I had a talk with my supervisor and he noticed that I forgot to take into account that most people would try to max out their stats by the time they reach DL 50. So what I did was take an average of the base stats of the 4 character dumps I used (weighted by how close they are to DL 50), and reran the simulations on the existing uniques.

Additionally, I revised the criteria used for evaluating a unique.
1. Win/Lose ratio. Still the same.
2. Average item consumption. Now weighted by the cost of the item.
3. Average HP consumption. This now simply tracks how much HP the player has lost (can go over max HP due to healing and whatnot).
4. Reasonable turns. Not too long, not too short. I took the average number of turns for all uniques tested as a start, which turned out to be 42.

Some interesting correlations:
1. Win/Lose ratio and depth actually worsened slightly from -0.849 to -0.837. However, the change is less than 0.05(5%), so it's not too significant.
2. Item consumption and depth improved from 0.268 to 0.442! Which probably shows that the new weighted measure is a better indicator.
3. HP consumption and depth also shows a high correlation of 0.801.
4. Reasonable turns and depth barely have a correlation of 0.066...but that's no surprise considering it doesn't differentiate between winning or losing too fast.
5. Power also shows improved correlation with win/lose ratio from -0.412 to -0.491. Also has correlation with item consumption at 0.167 and HP consumption at 0.405. The correlations here actually look a bit similar to the earlier depth correlations, though not as strong.

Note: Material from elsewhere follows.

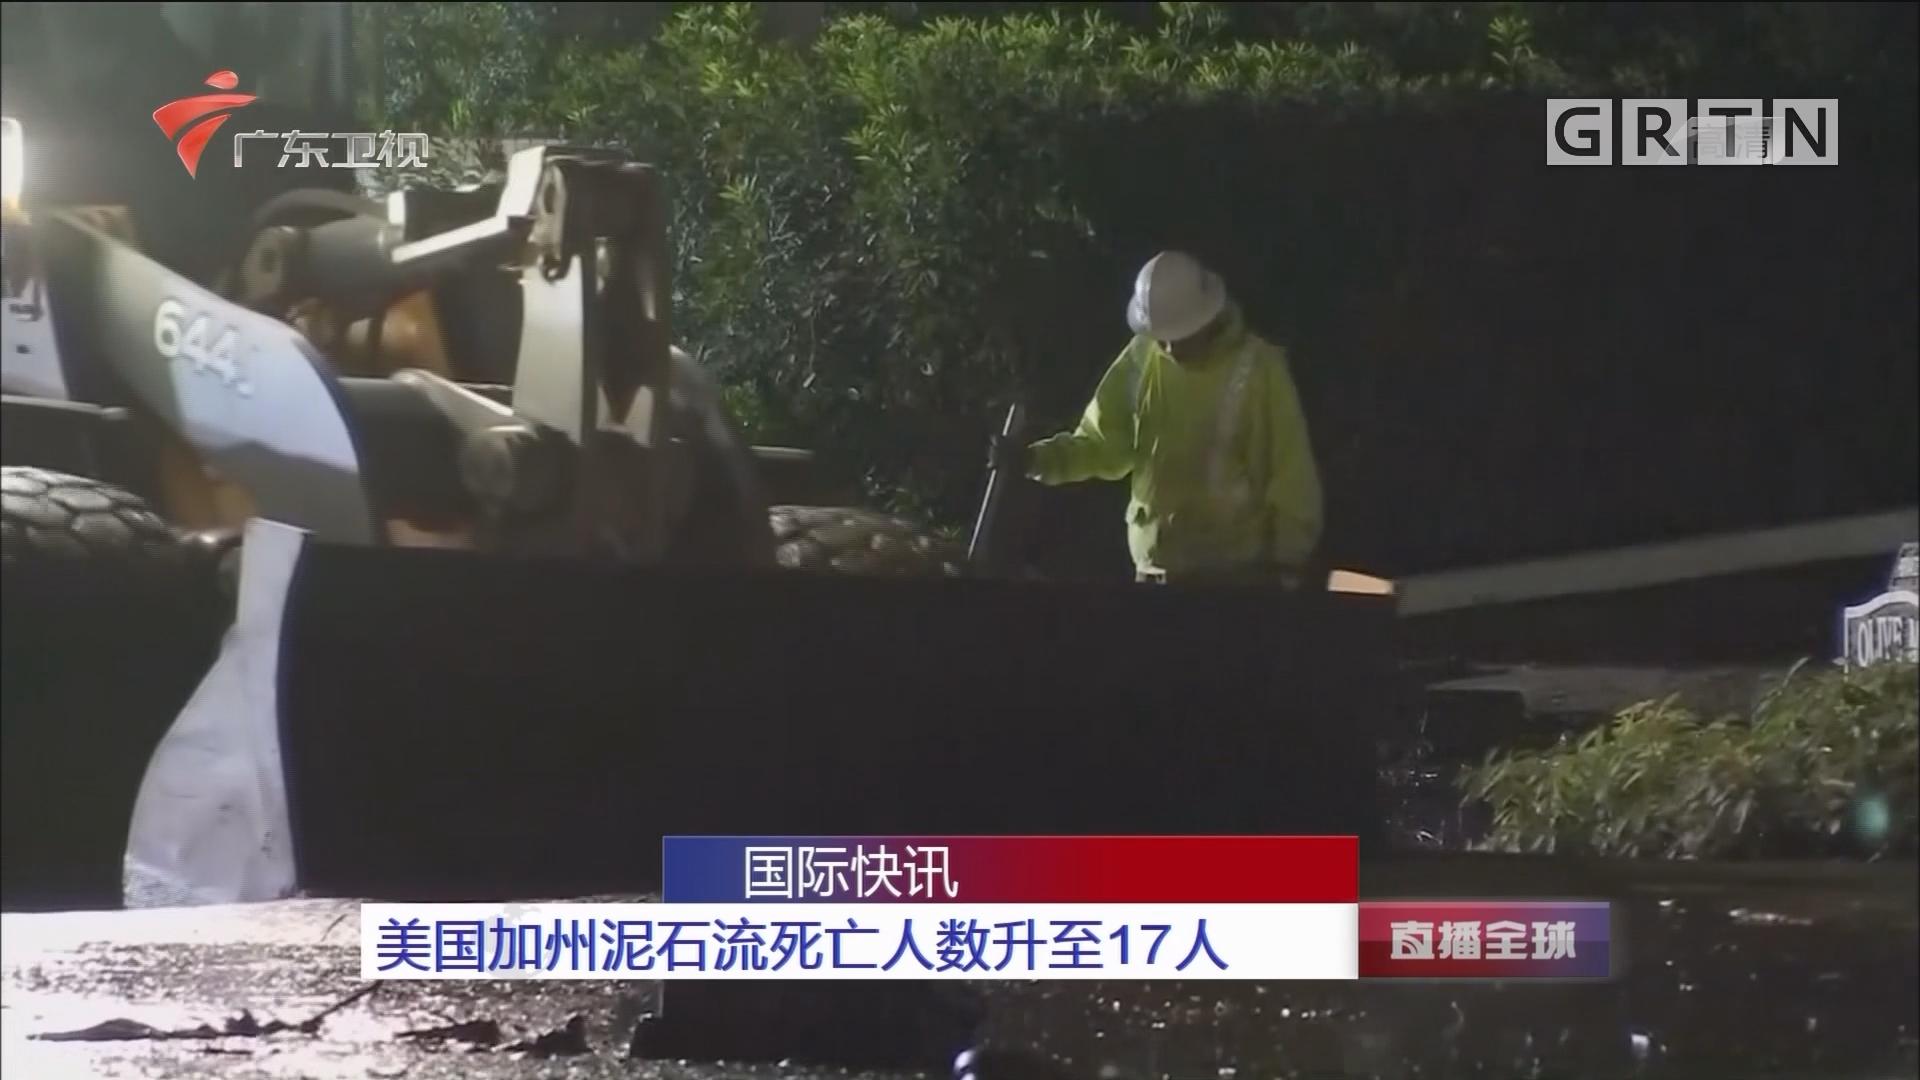 美国加州泥石流死亡人数升至17人

My new proposed evaluation function takes these factors into account (closeness being a measure of W/L approaching 0.5):
1. Correlations with depth as sign of appropriateness/viability
Closeness = HP > Item (roughly)

2. HP consumption and reasonable turns require...a special kind of normalization(ie. have to predict the biggest range we might encounter in simulations). As such, we might not want to rely on them too much.

3. Interestingness measures based on previous theories and discussions here
Closeness is definitely important. It's a form of outcome uncertainty.
Item consumption as well, since a battle that requires you to actually use up your resources is more interesting than one where you can simply whack the enemy to death.
Reasonable turns has been shown in previous research to be a good indicator of interestingness.

So:
Closeness > Item > HP = Turns
4 : 3 : 1.5 : 1.5

Sorting the uniques by this evaluation formula, we get this top 10 list of interesting fights for a CL 40 Half-Troll Warrior:
  1. Atlas, the Titan
  2. Khamul, the Black Easterling
  3. The Lernaean Hydra
  4. The Phoenix
  5. Ar-Pharazon the Golden
  6. Omarax, the Eye Tyrant
  7. Saruman of Many Colours
  8. Dwar, Dog Lord of Waw
  9. Gorlim, Betrayer of Barahir
  10. The Balrog of Moria

It's quite a huge change from the previous experiments, largely because of the maxed out stats I believe! If we take a W/L of 0.451 to 0.550 to be close, then we get:
  • Easy and interesting: Atlas, the Titan; Ar-Pharazon the Golden; Dwar, Dog Lord of Waw; Gorlim, Betrayer of Barahir
  • Close and interesting: Khamul, the Black Easterling
  • Hard and interesting: The Lernaean Hydra; The Phoenix; Omarax, the Eye Tyrant; Saruman of Many Colours; The Balrog of Moria

Data here.

Next, I'll be implementing the algorithm for generating uniques. Hopefully I'll have something for you guys to play with by sometime next week so I can get some feedback. Cheers!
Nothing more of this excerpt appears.